RECHTBANK ZUTPHEN
Sector Straf
Meervoudige kamer
Parketnummer: 06/460272-06
Uitspraak d.d.: 6 juni 2007
tegenspraak/ onip
[verdachte],
geboren te [geboorteplaats] op [1977],
wonende te [adres]
Dit vonnis is gewezen naar aanleiding van het onderzoek op de terechtzitting van 23 mei 2007.
Ter terechtzitting gegeven beslissingen
Ter terechtzitting van 23 mei 2007 is het verzoek om schorsing van het onderzoek ter terechtzitting ten behoeve van de opmaak van een voorlichtingsrapport over verdachte afgewezen.
Aan verdachte is ten laste gelegd dat:
hij in of omstreeks de nacht van 23 op 24 mei 2006 te Twello, althans in de gemeente Voorst, ter uitvoering van het door verdachte voorgenomen misdrijf om opzettelijk en met voorbedachten rade ( zijn ex-vriendin) [slachtoffer] van het leven te beroven, met dat opzet en na kalm beraad en rustig overleg,
- zich naar de woning van die [slachtoffer] heeft begeven en/of
- de voordeur van die woning met een (nagemaakte) sleutel heeft geopend en/of
- die woning heeft betreden en/of
- de slaapkamer, waar die [slachtoffer] op dat moment sliep, heeft betreden en/of
- met een (honkbal)knuppel, althans met een hard/zwaar voorwerp die
(slapende) [slachtoffer] met kracht op het hoofd heeft geslagen en/of (vervolgens)

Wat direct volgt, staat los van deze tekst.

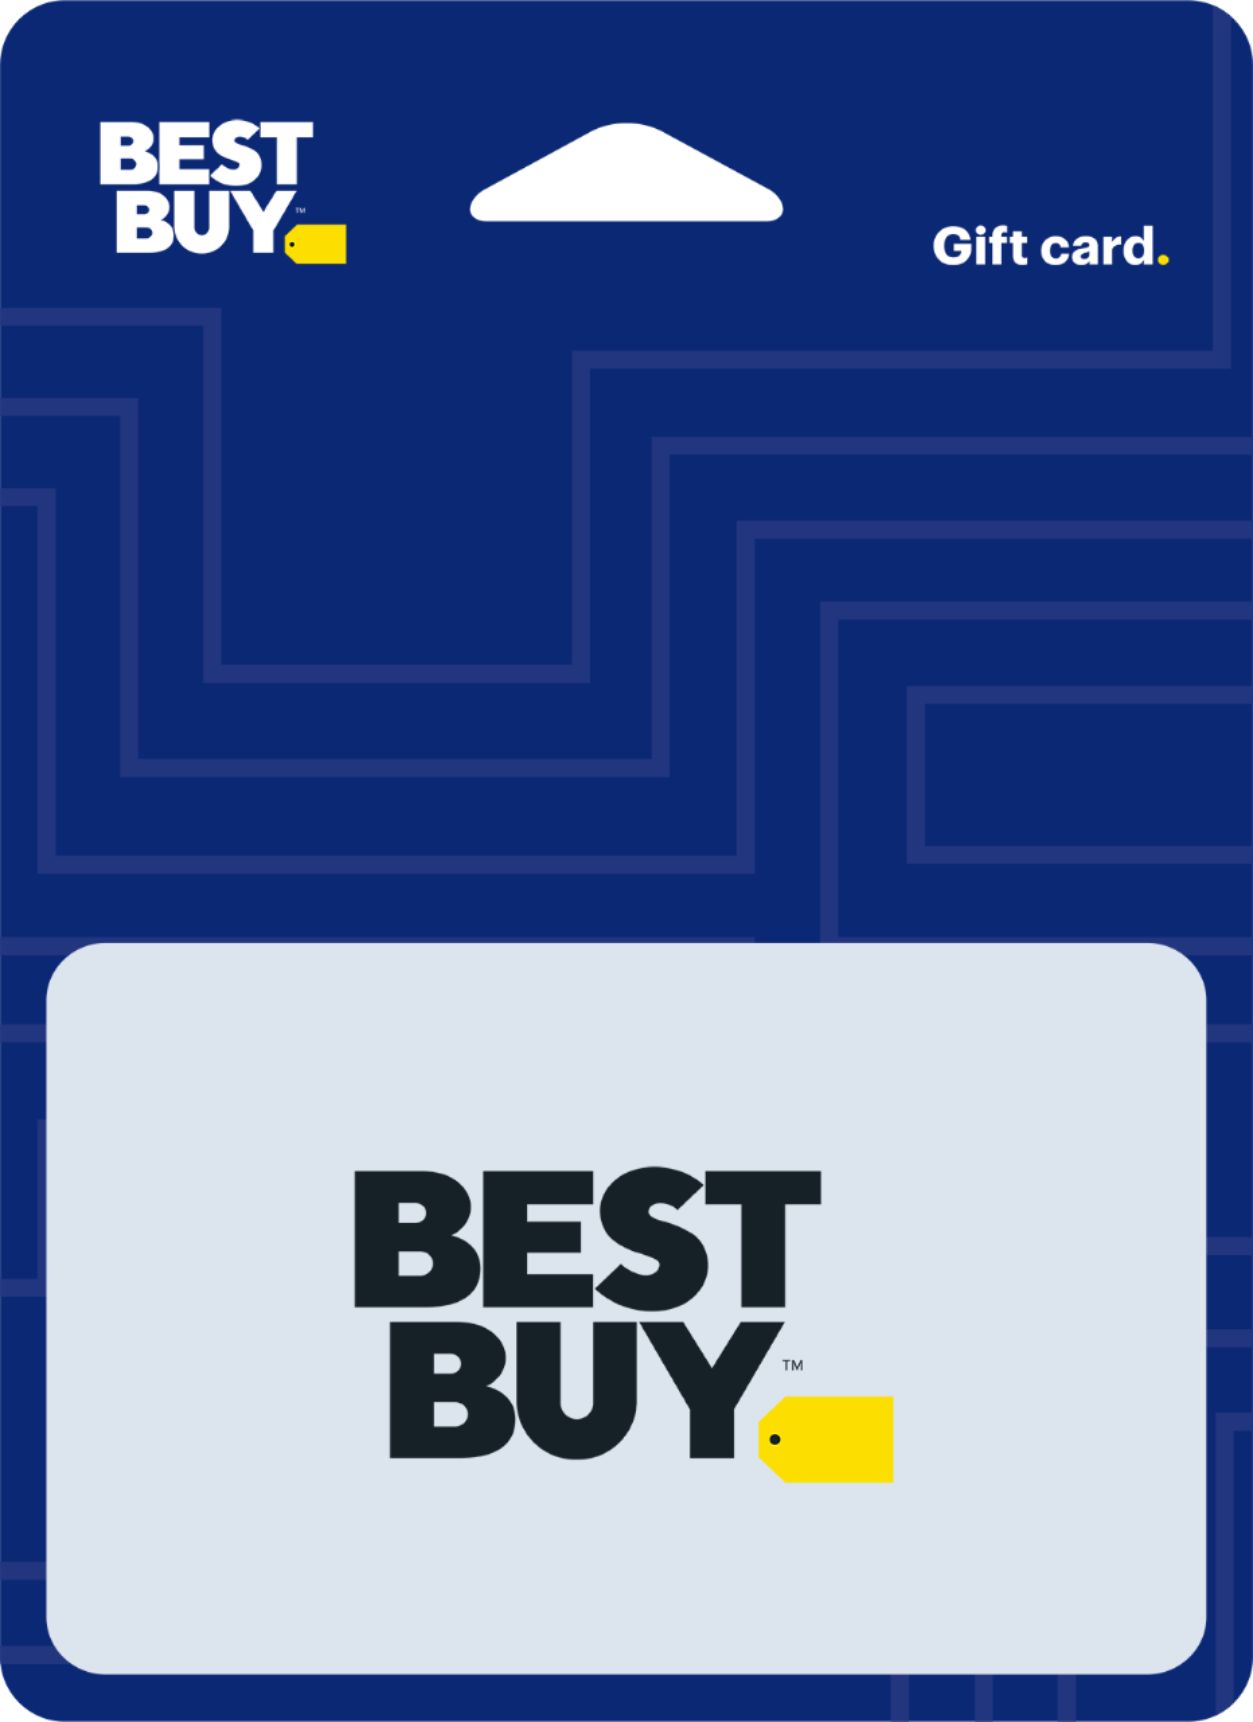 Best Buy Member Id Card - Trenton

- meermalen, althans eenmaal met kracht met die (honkbal)knuppel, althans met
dat harde/zware voorwerp die [slachtoffer] met (zodanige) kracht op het hoofd
heeft geslagen (dat die knuppel/dat voorwerp (doormidden) brak),
terwijl de uitvoering van dat voorgenomen misdrijf niet is voltooid;
art 289 Wetboek van Strafrecht
art 45 lid 1 Wetboek van Strafrecht
hij in of omstreeks de nacht van 23 op 24 mei 2006 te Twello, althans in de
gemeente Voorst, ter uitvoering van het door verdachte voorgenomen misdrijf om
opzettelijk (zijn ex-vriendin) [slachtoffer] van het leven te beroven, met
dat opzet,
- zich naar de woning van die [slachtoffer] heeft begeven en/of
- de voordeur van die woning met een (nagemaakte) sleutel heeft geopend en/of
- die woning heeft betreden en/of
- de slaapkamer, waar die [slachtoffer] op dat moment sliep, heeft betreden en/of
- met een (honkbal)knuppel, althans met een hard/zwaar voorwerp die
(slapende) [slachtoffer] met kracht op het hoofd heeft geslagen en/of (vervolgens)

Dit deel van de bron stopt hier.